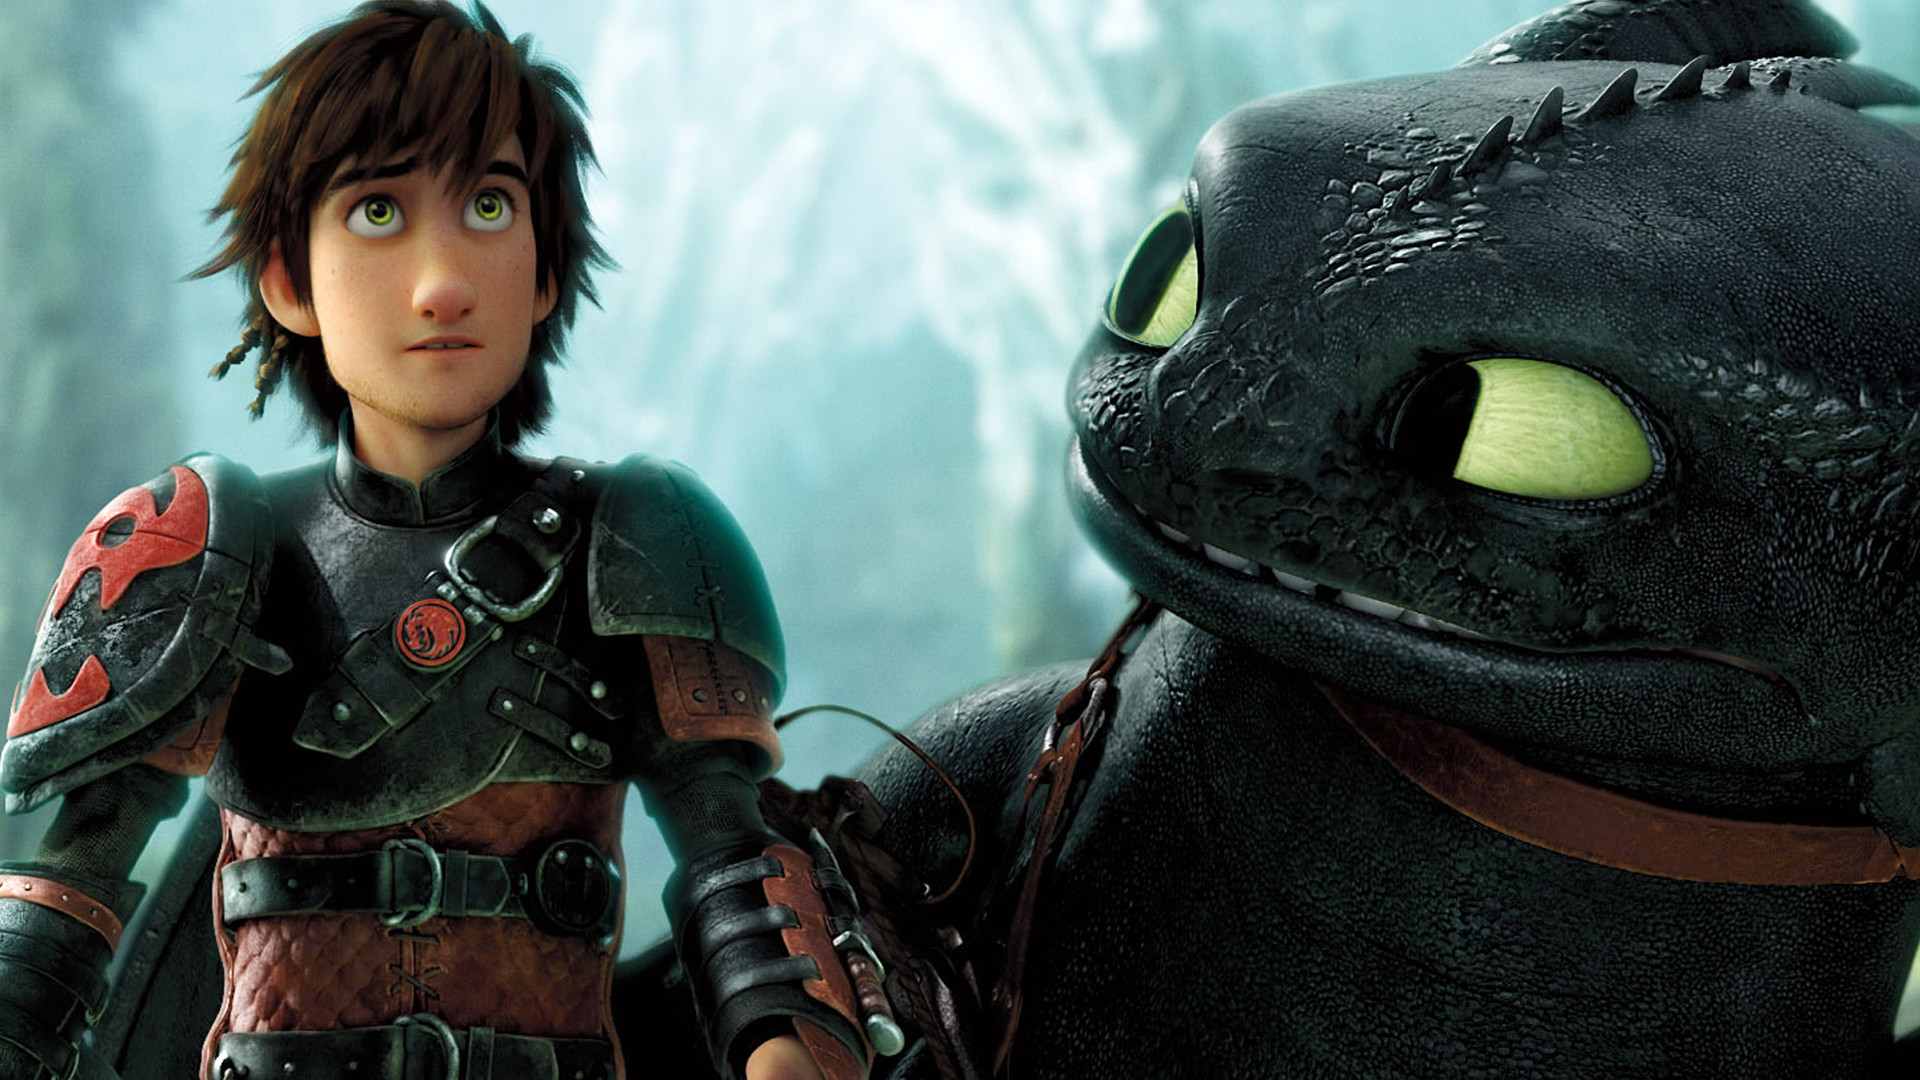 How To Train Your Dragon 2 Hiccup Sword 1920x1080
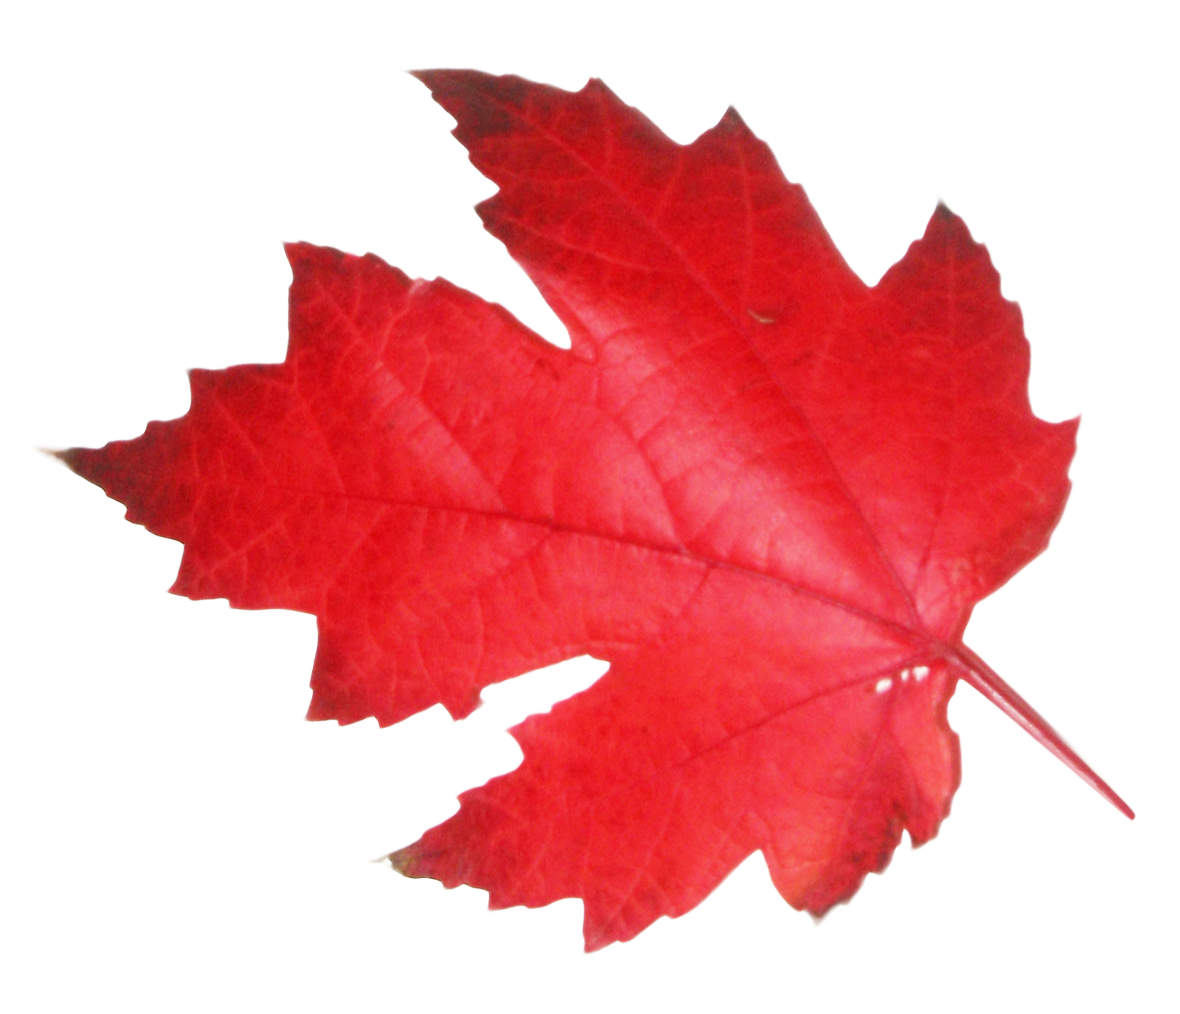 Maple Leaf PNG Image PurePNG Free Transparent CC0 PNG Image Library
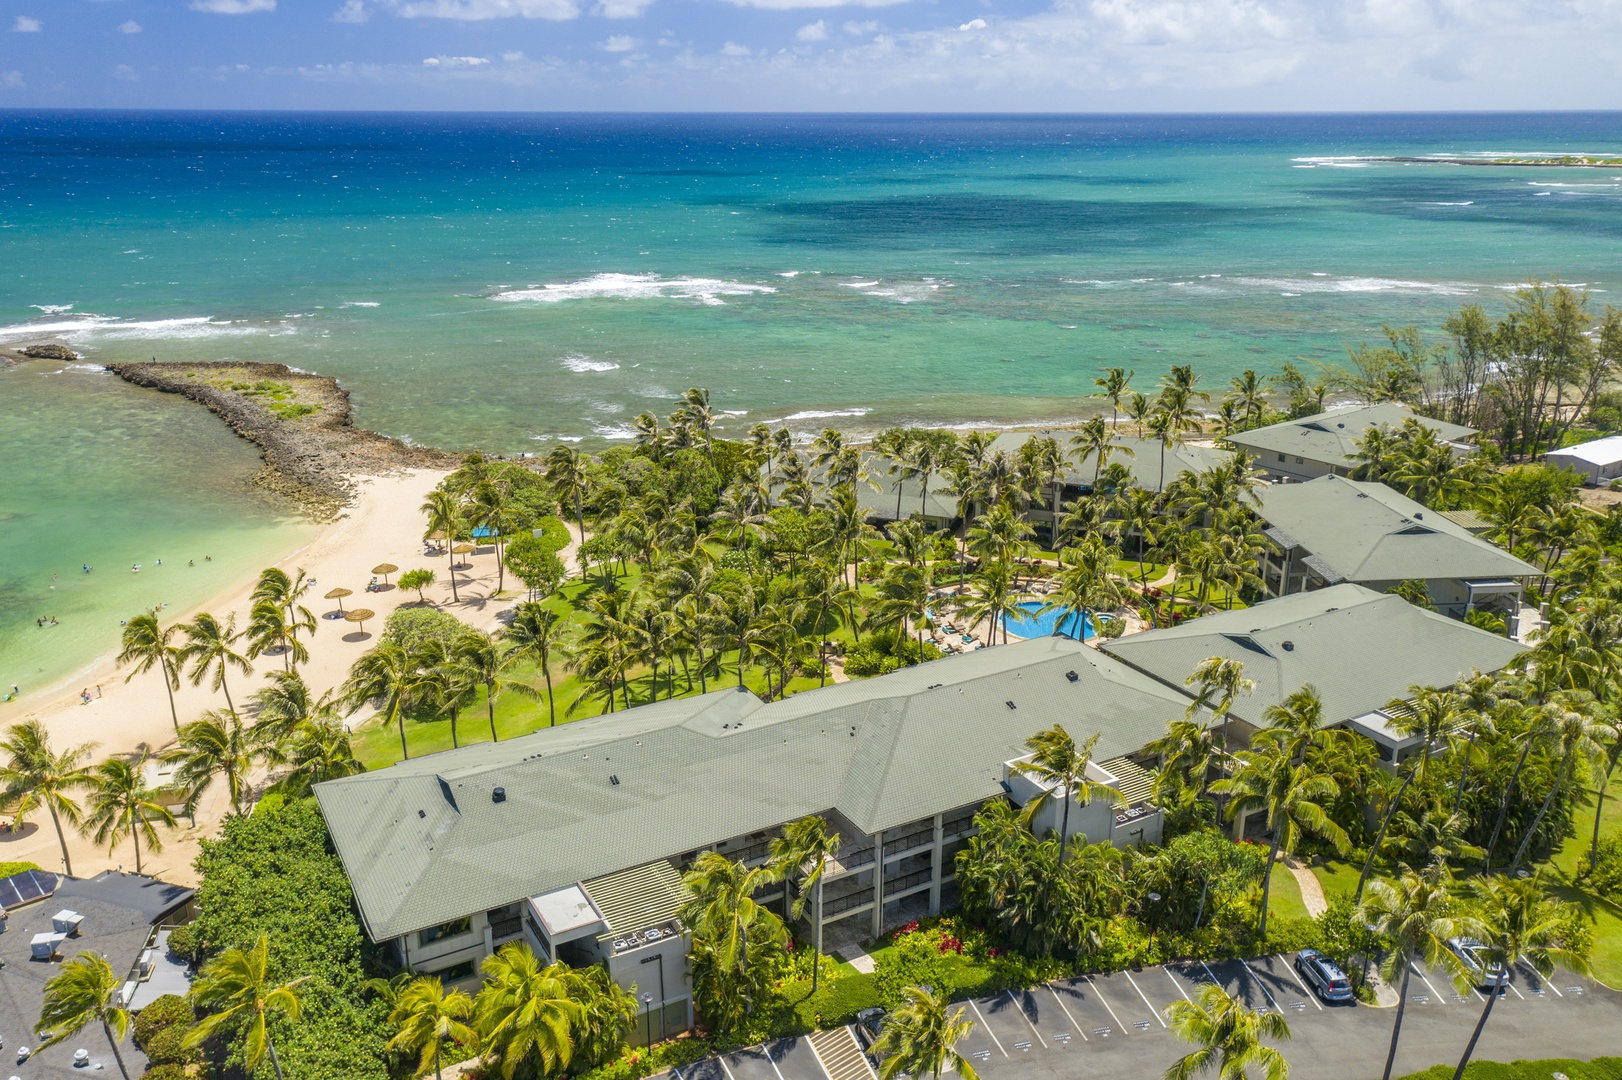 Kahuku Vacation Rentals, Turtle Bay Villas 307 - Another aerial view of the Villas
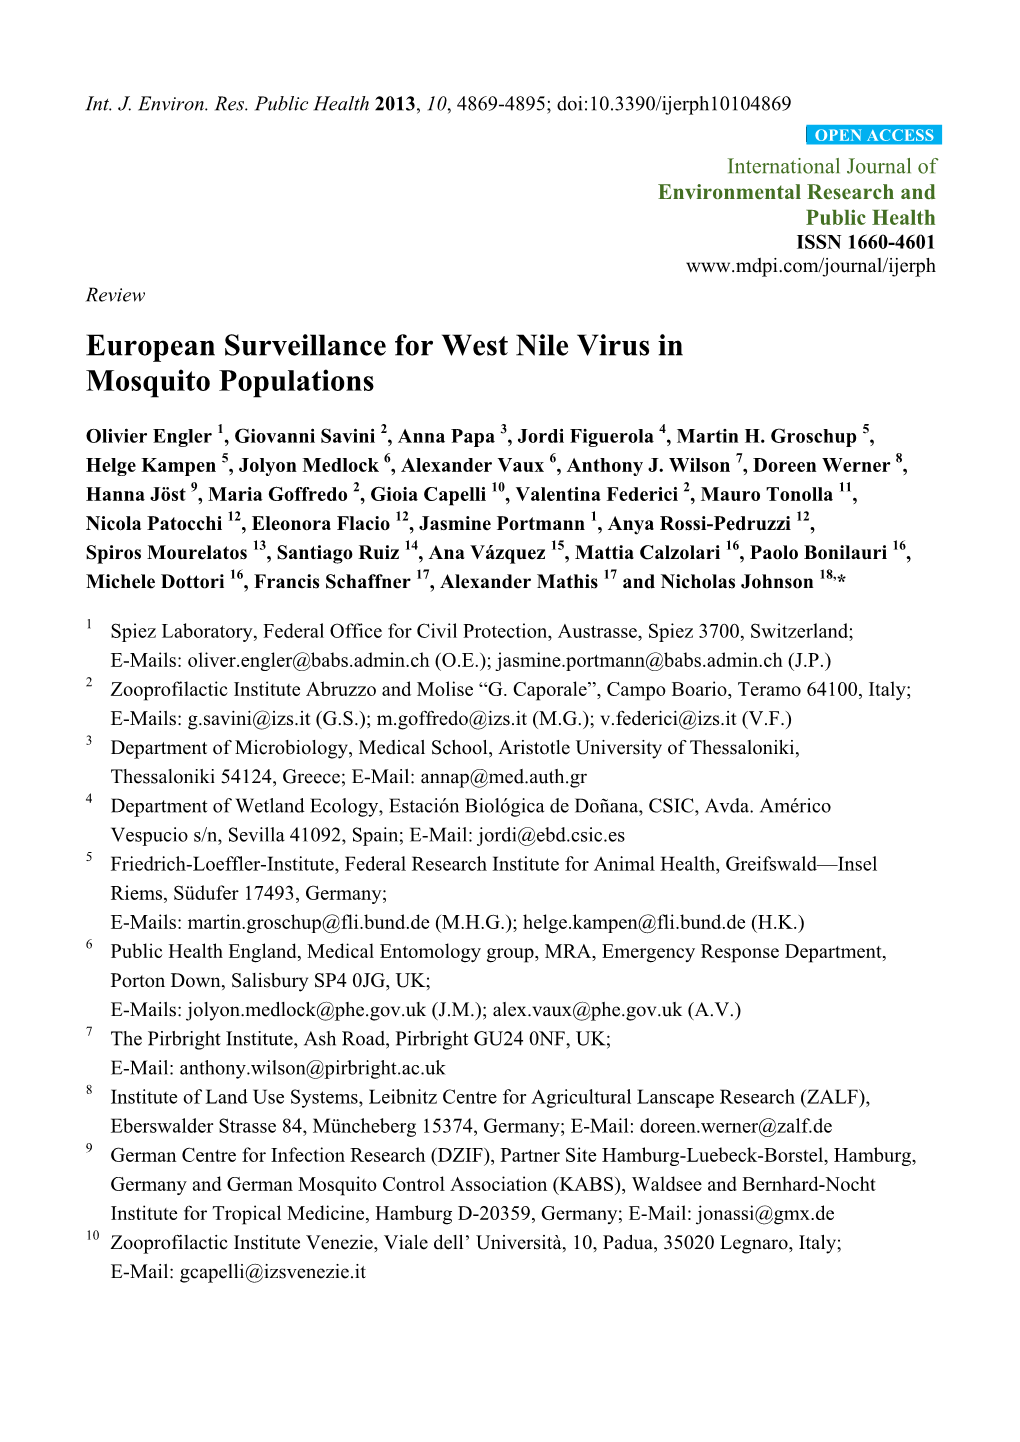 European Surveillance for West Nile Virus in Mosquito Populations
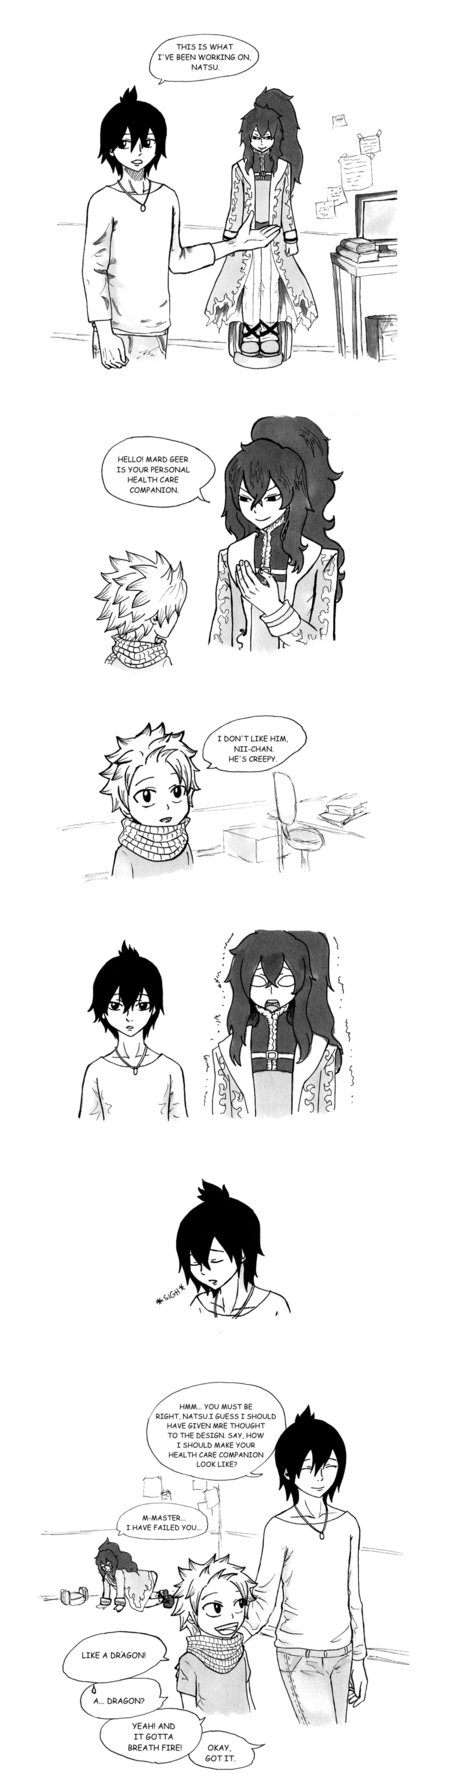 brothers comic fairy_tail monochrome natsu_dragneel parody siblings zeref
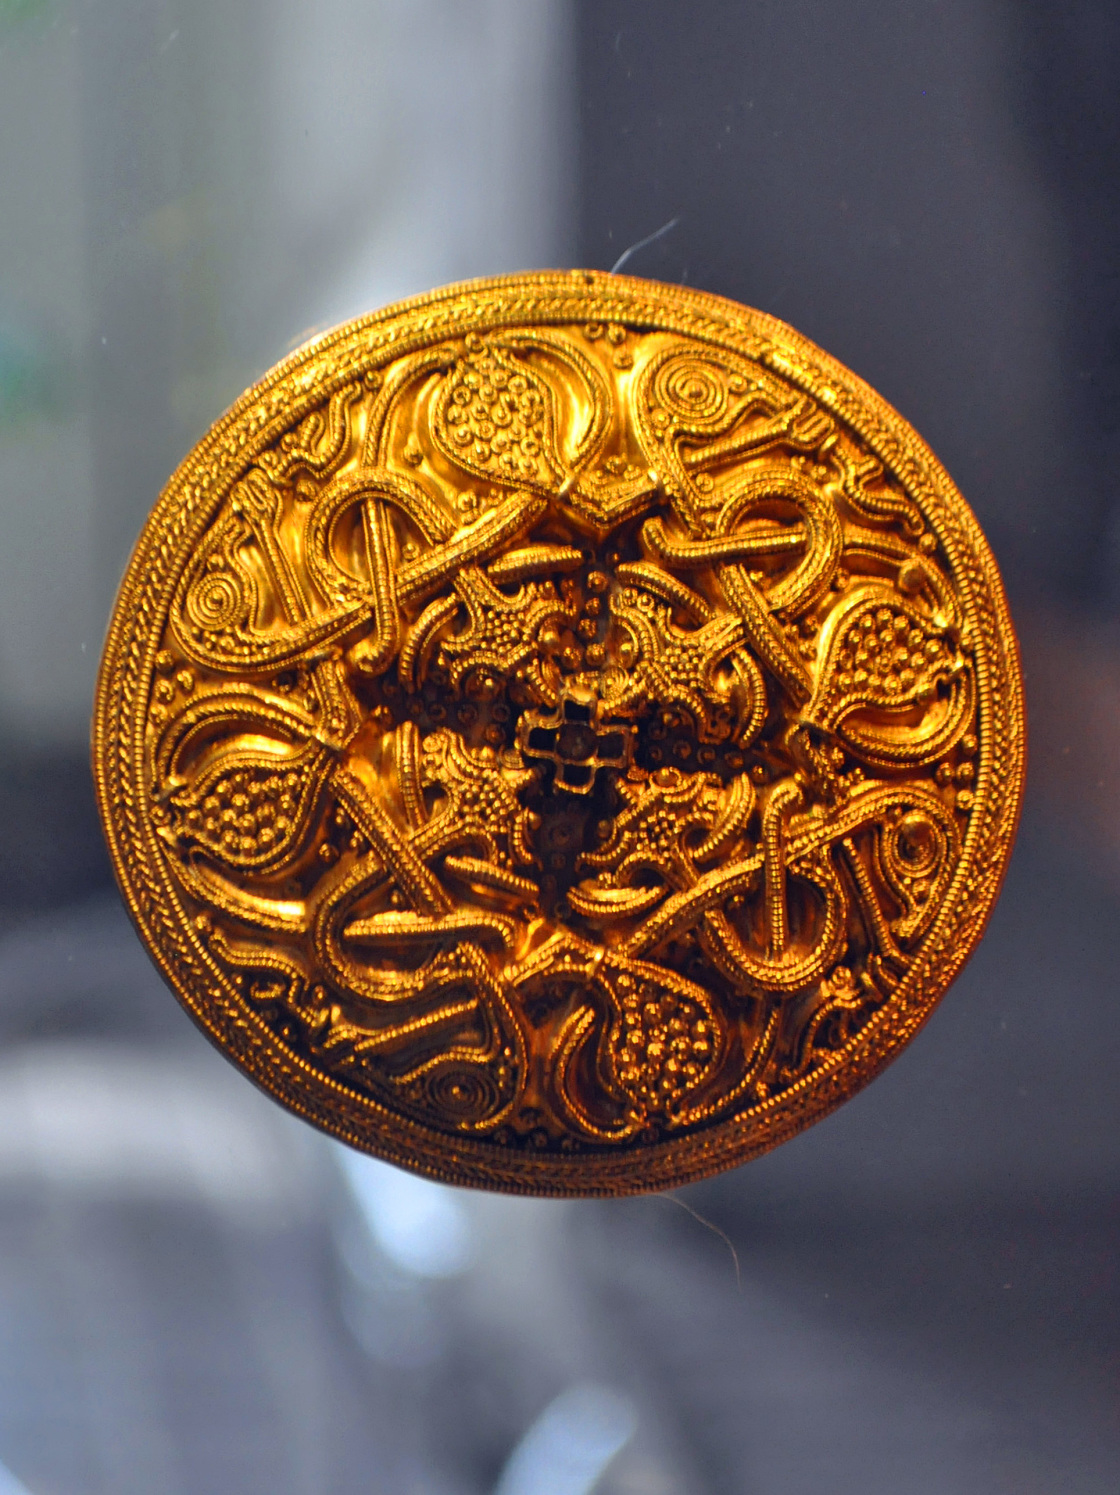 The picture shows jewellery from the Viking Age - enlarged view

※

Transcribe the lines above exactly, setting aside any picture among them.

 How To Train Your Dragon 2 Hiccup Sword 1920x1080
 Maple Leaf PNG Image PurePNG Free Transparent CC0 PNG Image Library
 Kahuku Vacation Rentals, Turtle Bay Villas 307 - Another aerial view of the Villas
 European Surveillance for West Nile Virus in Mosquito Populations
 brothers comic fairy_tail monochrome natsu_dragneel parody siblings zeref
 The picture shows jewellery from the Viking Age - enlarged view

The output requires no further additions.